Earlier this year, we reported that researchers had caught wild chimpanzees on camera engaging in what appears to be sharing fermented African breadfruit with measurable alcoholic content. That observational data was the first evidence of the sharing of alcoholic foods among nonhuman great apes in the wild. They recorded 10 instances of selective fruit sharing among 17 chimps, with the animals exhibiting a marked preference for riper fruit. Between April and July 2022, the authors measured the alcohol content of the fruit with a handy portable breathalyzer and found almost all of the fallen fruit (90 percent) contained some ethanol, with the ripest containing the highest levels—the equivalent of 0.61 percent ABV (alcohol by volume).
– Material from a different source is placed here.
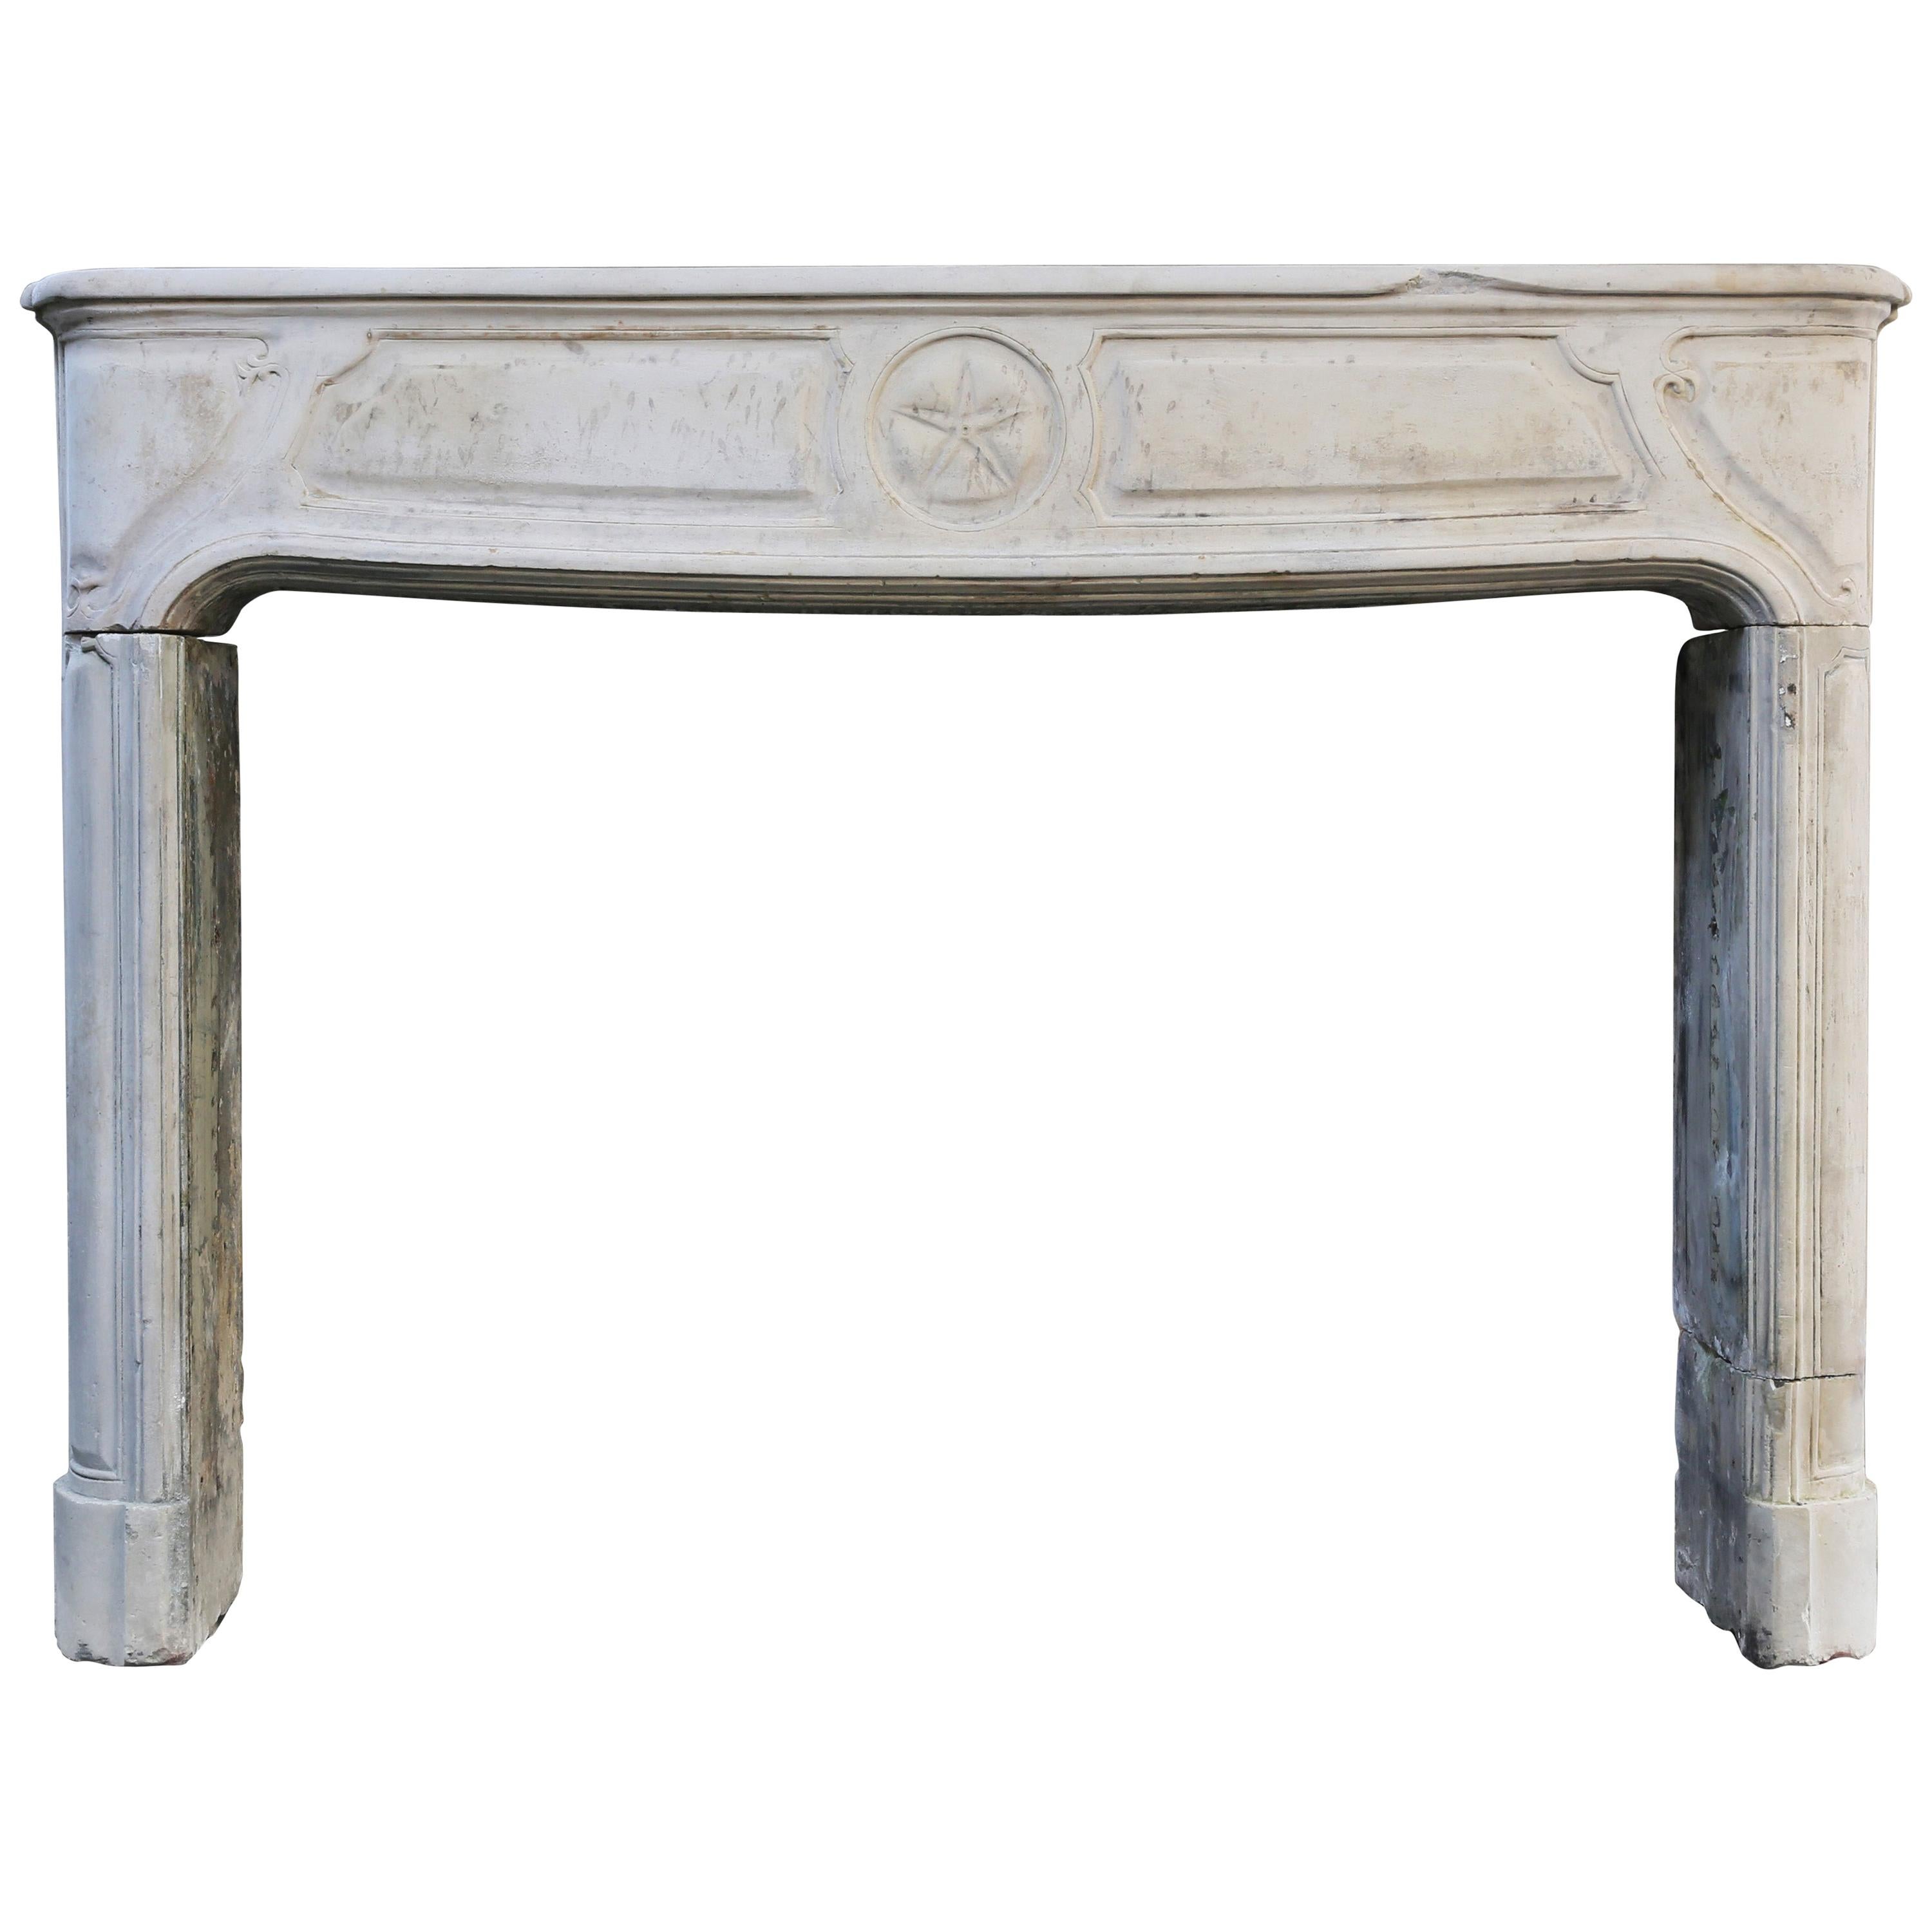 19th Century Antique Fireplace of French Limestone in Style of Louis XIV

That’s comparatively low to alcoholic drinks typically consumed by humans, but then again, fruit accounts for as much as 60 to 80 percent of the chimps’ diet, so the amount of ethanol consumed could add up quickly. It’s highly unlikely the chimps would get drunk, however. It wouldn’t confer any evolutionary advantage, and, according to the authors, there is evidence in the common ancestor of African apes of a molecular mechanism that enhances the ability to metabolize alcohol.
Nearly two drinks a day
This latest study involved chimp populations at the Ngogo Chimpanzee Project (Uganda) and a second site at Tai (Ivory Coast), where scientists have estimated the animals consume between 5 to 10 percent of their body weight (about 40 kilos) in fruit each day—around 45 kilograms. The authors collected fallen fruit pulp samples from both sites, packed them in airtight containers, and froze them back at base camp to keep the fruit from ripening further.
Then they quantified the ethanol concentrations using a breathalyzer, a portable gas chromatograph, and chemical testing. The Uganda fruit contained 0.32 percent ethanol, while the Ivory Coast fruit contained 0.31 percent ethanol, which might not sound like much until you consider just how much fruit they eat. And the most frequently consumed fruit at both sites had the highest ethanol content.
If anything, this is a conservative estimate, per Dudley. “If the chimps are randomly sampling ripe fruit, then that’s going to be their average consumption rate, independent of any preference for ethanol,” he said. “But if they are preferring riper and/or more sugar-rich fruits, then this is a conservative lower limit for the likely rate of ethanol ingestion.” That’s in keeping with a 2016 report that captive aye-ayes and slow lorises prefer nectar with the highest alcohol content.
“Our findings imply that our ancestors were similarly chronically exposed to dietary alcohol,” co-author Aleksey Maro, a graduate student at UC Berkeley, told New Scientist. “The drunken monkey hypothesis suggests that this exposure caused our species to evolve an association between alcohol consumption and the reward of finding fruit sugars, and explains human attraction to alcohol today.” One caveat is that apes ingest ethanol accidentally, while humans drink it deliberately.
“What we’re realizing from this work is that our relationship with alcohol goes deep back into evolutionary time, probably about 30 million years,” University of St. Andrews primatologist Catherine Hobaiter, who was not involved with the study, told BBC News. “Maybe for chimpanzees, this is a great way to create social bonds, to hang out together on the forest floor, eating those fallen fruits.”
The next step is to sample the chimps’ urine to see if it contains any alcohol metabolites, as was found in a 2022 study on spider monkeys. This will further refine estimates for how much ethanol-laden fruit the chimps eat every day. Maro spent this summer in Ngogo, sleeping in trees—protected from the constant streams by an umbrella—to collect urine samples.
Science Advances, 2025. DOI: 10.1126/sciadv.adw1665 (About DOIs).